To run BACTpipe with a specific profile, use the -profile <profilename>
argument (note the single dash before profile
) when running, e.g.:
$ nextflow run ctmrbio/BACTpipe -profile rackham --project SNIC001 --reads '/proj/projectname/reads/*_{1,2}.fastq.gz'
This will run BACTpipe using the rackham
profile with the project set to
SNIC001
, which automatically configures settings so BACTpipe can find all
the required software and databases in the UPPMAX HPC cluster environment.
Running BACTpipe without a -profile
argument will default to running the
standard
profile directly on the node you are logged in to (avoid doing
that on shared HPC systems).
Custom profile¶
It is possible to create a custom profile to use instead of the preconfigured ones.
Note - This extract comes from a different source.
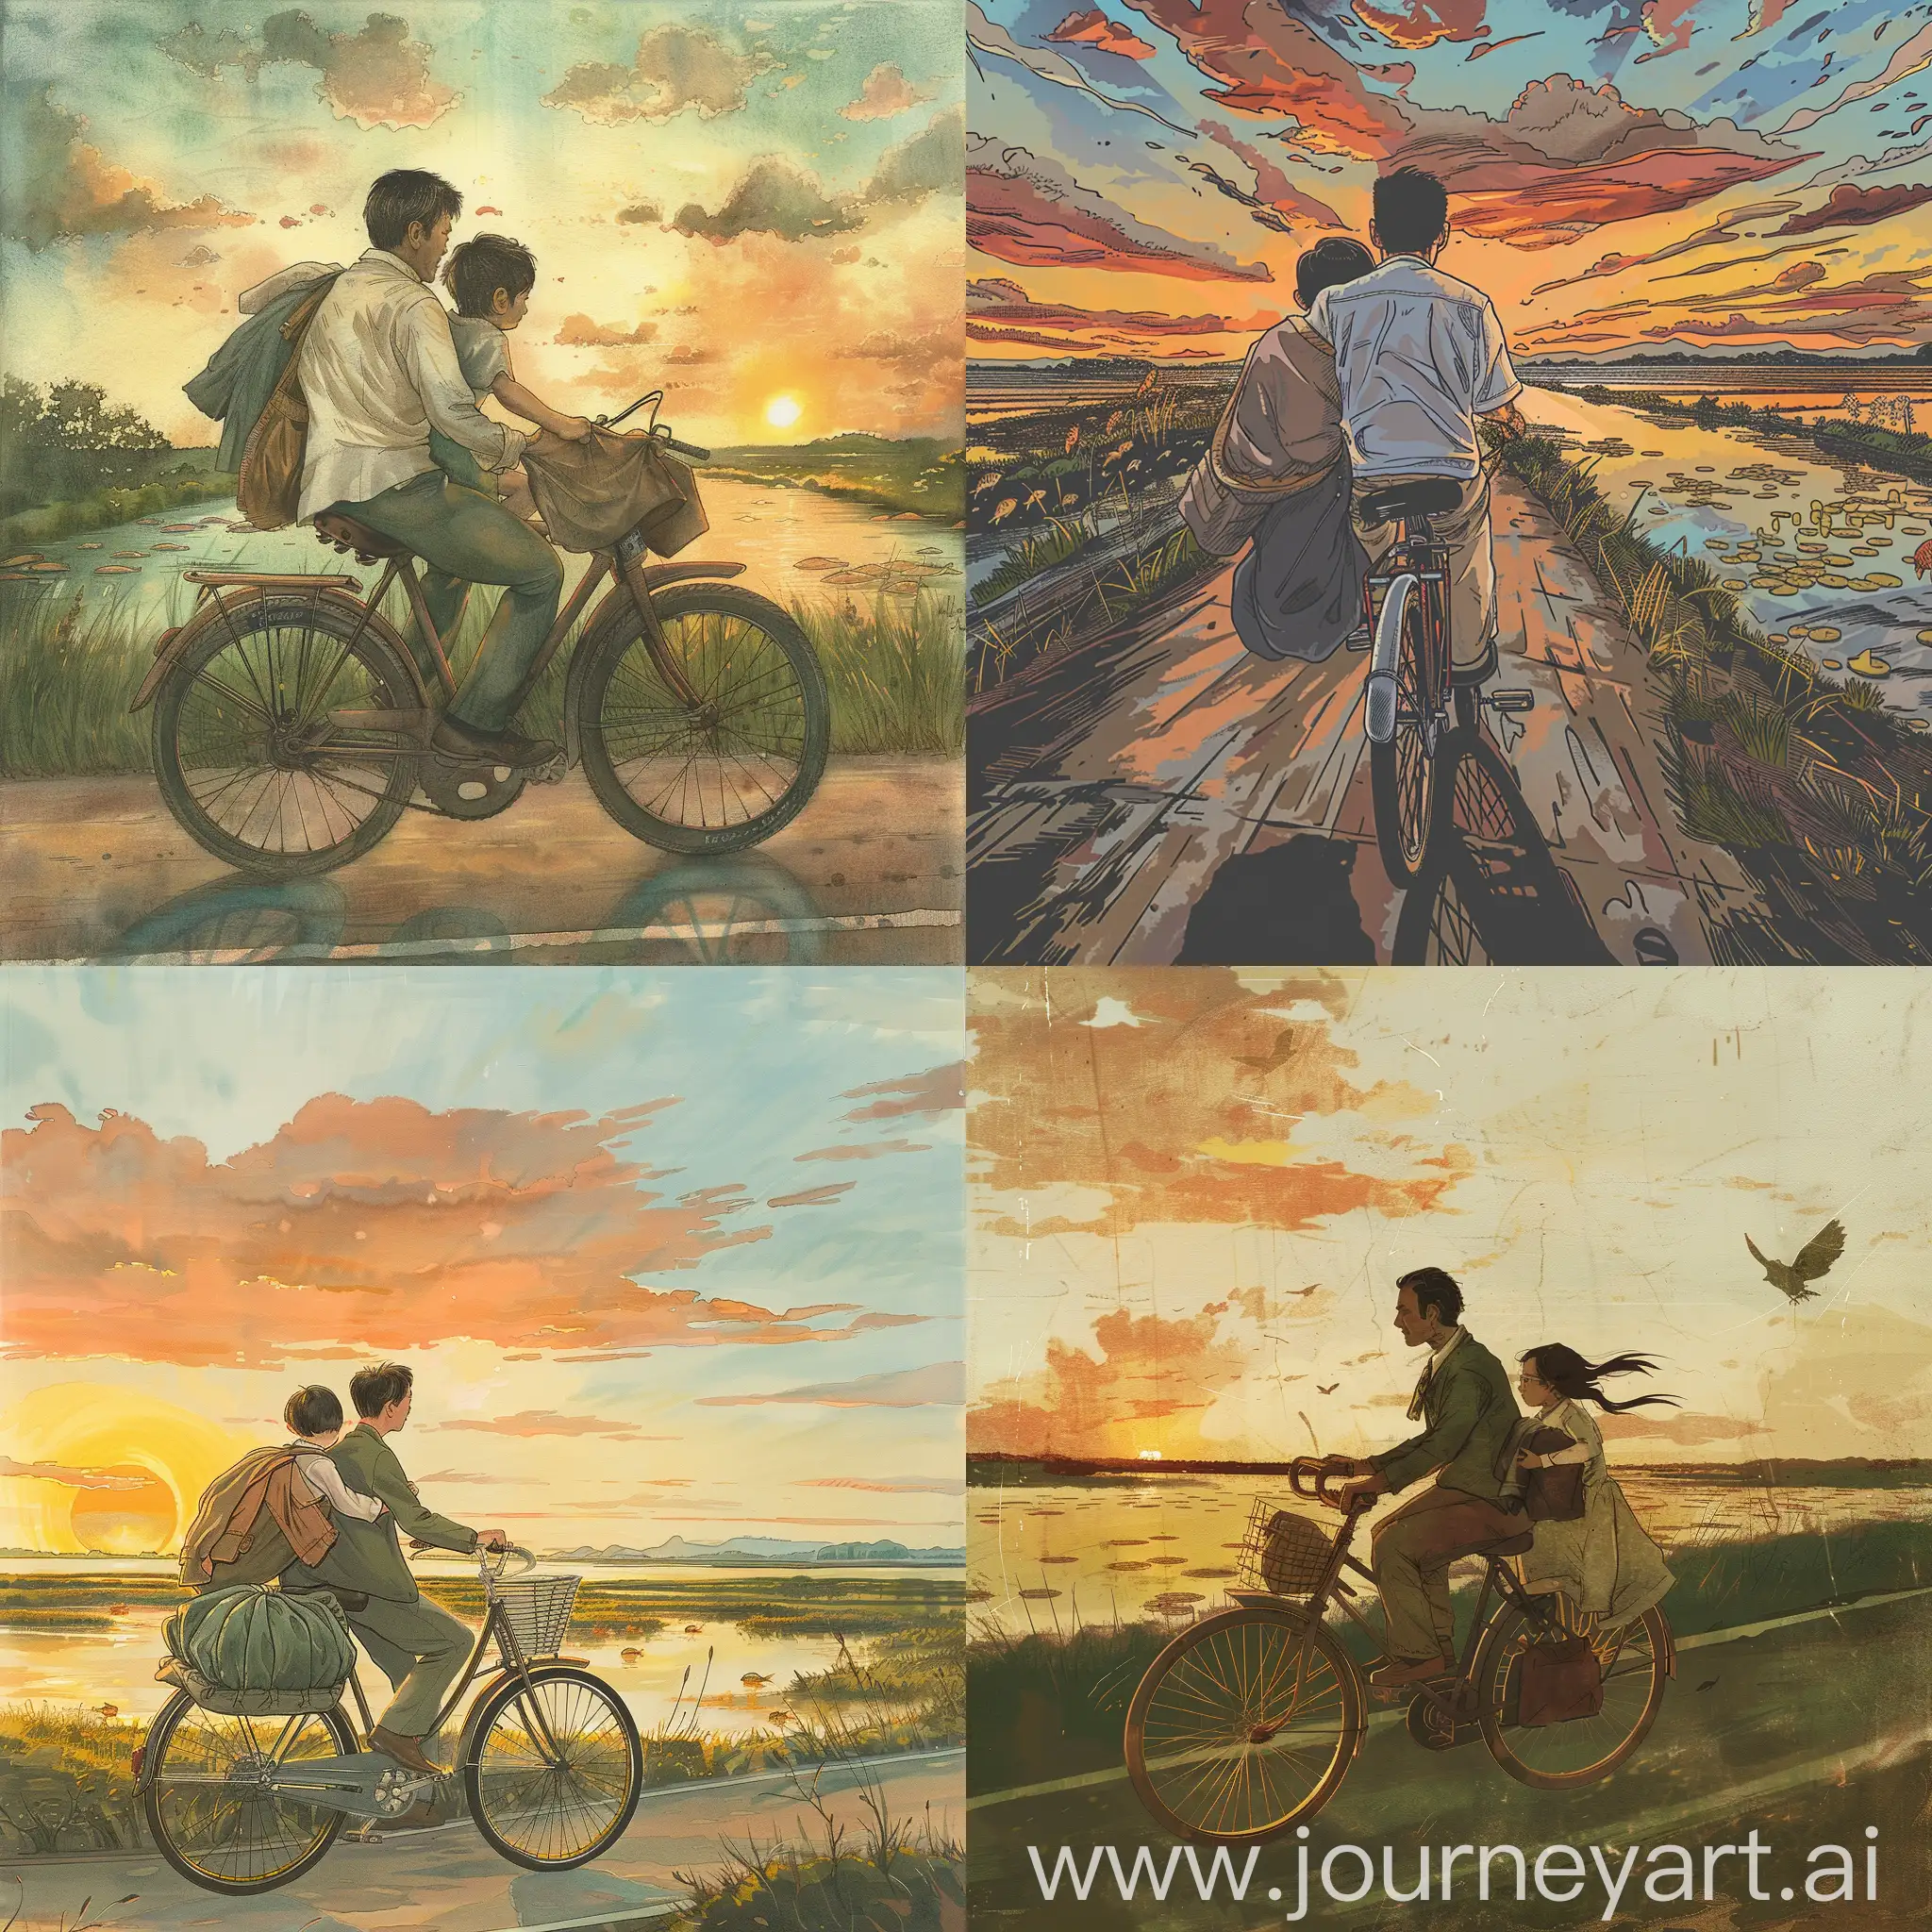 Father-and-Child-Riding-Vintage-Bicycle-by-Sunset-Fish-Ponds

This is useful if you want to run BACTpipe on another cluster system than UPPMAX’s Rackham, or if the data you are analyzing requires you to change the pre-defined expected CPU, memory, and time requirements for processes on the cluster. The best way to start is probably to download one of the pre-existing profiles from conf directory of the BACTpipe repository.
If you are working on a Slurm-managed system, starting with either the
rackham.config
or the ctmr_gandalf
profile would be a good choice, as
both of those are Slurm-managed HPC systems. Download the configuration file
from the conf directory of the BACTpipe repository and modify settings to
your preference. Then, to run BACTpipe using your custom configuration file,
you need to tell Nextflow to read parameters from your file instead of the
default parameters:
$ nextflow run ctmrbio/BACTpipe -c path/to/your/custom/profile.config --reads 'path/to/reads/*_{1,2}.fastq.gz'
The custom profile is not limited to configuring CPU, memory and time limits for the different processes. It is also possible to set parameter values inside the custom profile, i.e. to change paths to reference databases or adjust runtime parameters for the different processes. It is also possible to just use a configuration file that changes settings without modifying how the workflow is run, see Change many settings at once.